The authors caution against using the study results to avoid vaccination. “These study results are not intended to discourage use of the COVID-19 vaccine, especially given the relatively higher risk of developing POTS after SARS-CoV-2 infection,” they write.

Amid a healthcare system strained by the aftermath of a global pandemic, POTS patients confront issues of time and resources. “We’re facing a backlog of over two years just to get patients into our treatment center,” reports Dr. Chung.
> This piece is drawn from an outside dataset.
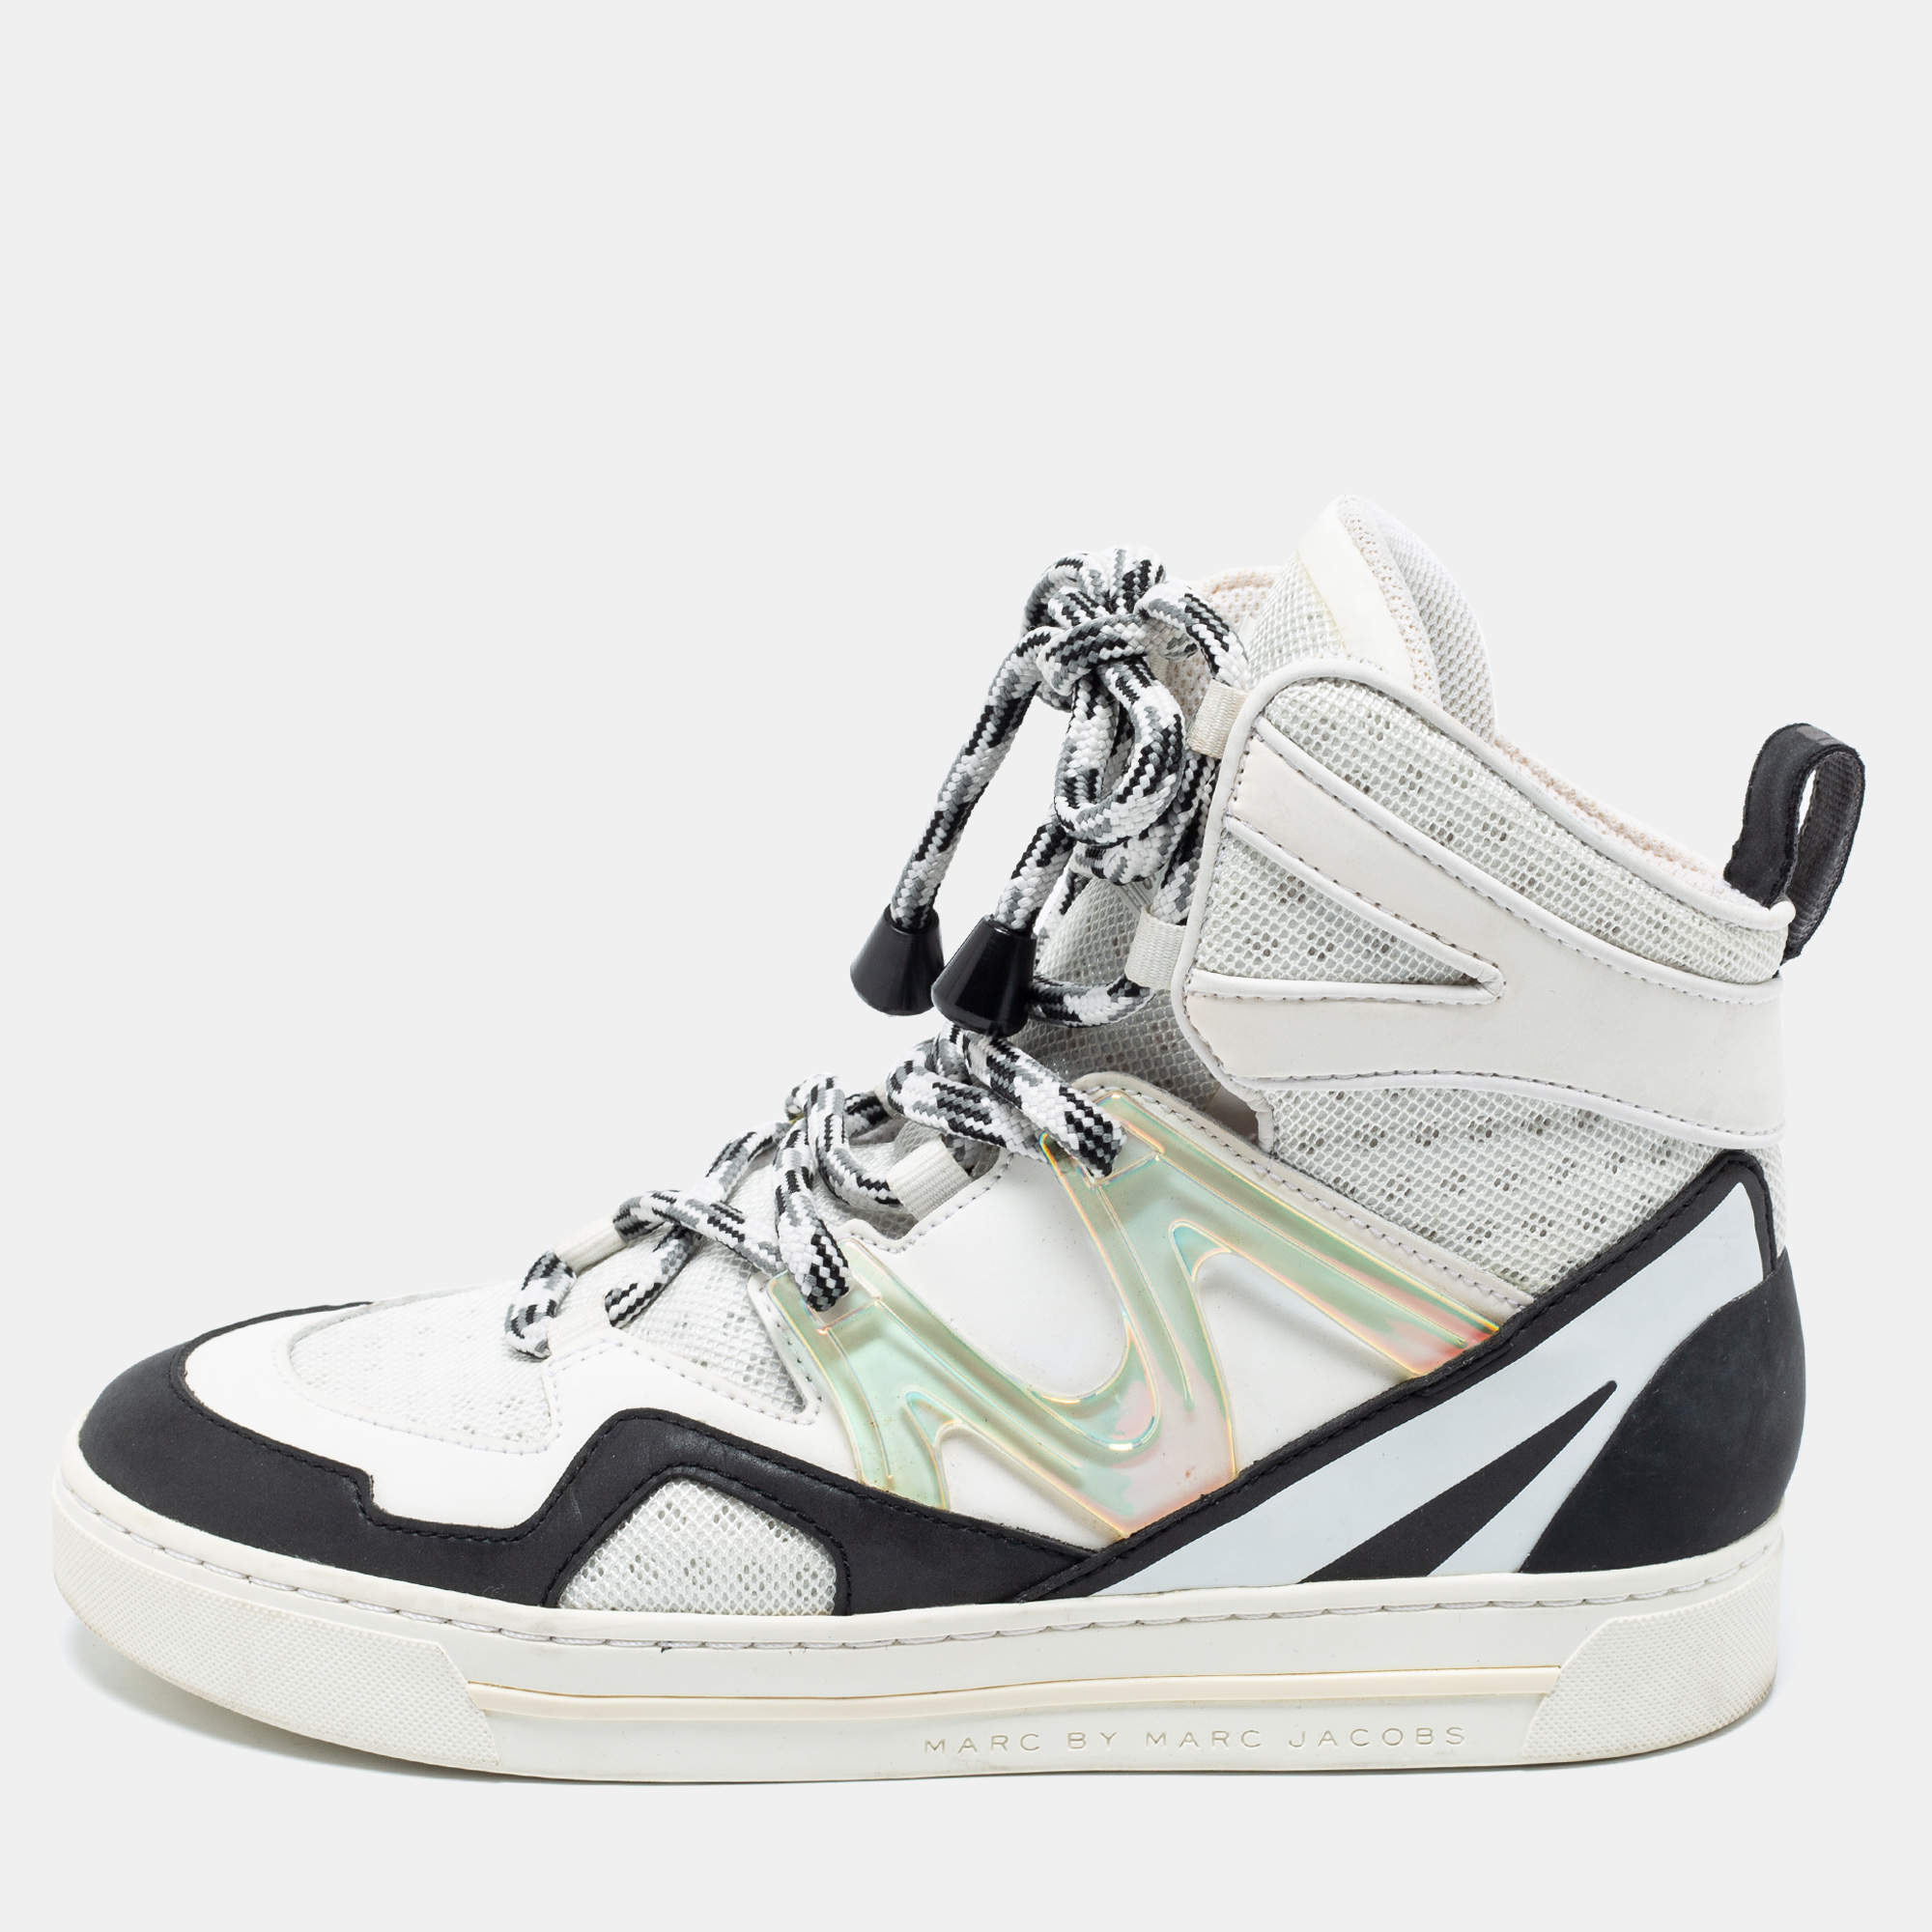 lammelse Decrement solopgang Marc by Marc Jacobs Multicolor Leather And Mesh High Top Sneakers Size 36  Marc by Marc Jacobs | TLC

Despite its global impact on millions, POTS remains largely unknown to many healthcare professionals, often resulting in a lengthy and challenging path to an accurate diagnosis. A 2013 survey by Dysautonomia International highlighted this struggle for over 700 POTS patients.

On average, patients face a six-year delay before receiving a correct diagnosis. Only 25 percent are diagnosed within the first year of symptom onset, and many travel over 100 miles for POTS-related medical care. Further complicating matters, 59 percent of patients are initially dismissed by doctors who believe their severe symptoms are purely psychological.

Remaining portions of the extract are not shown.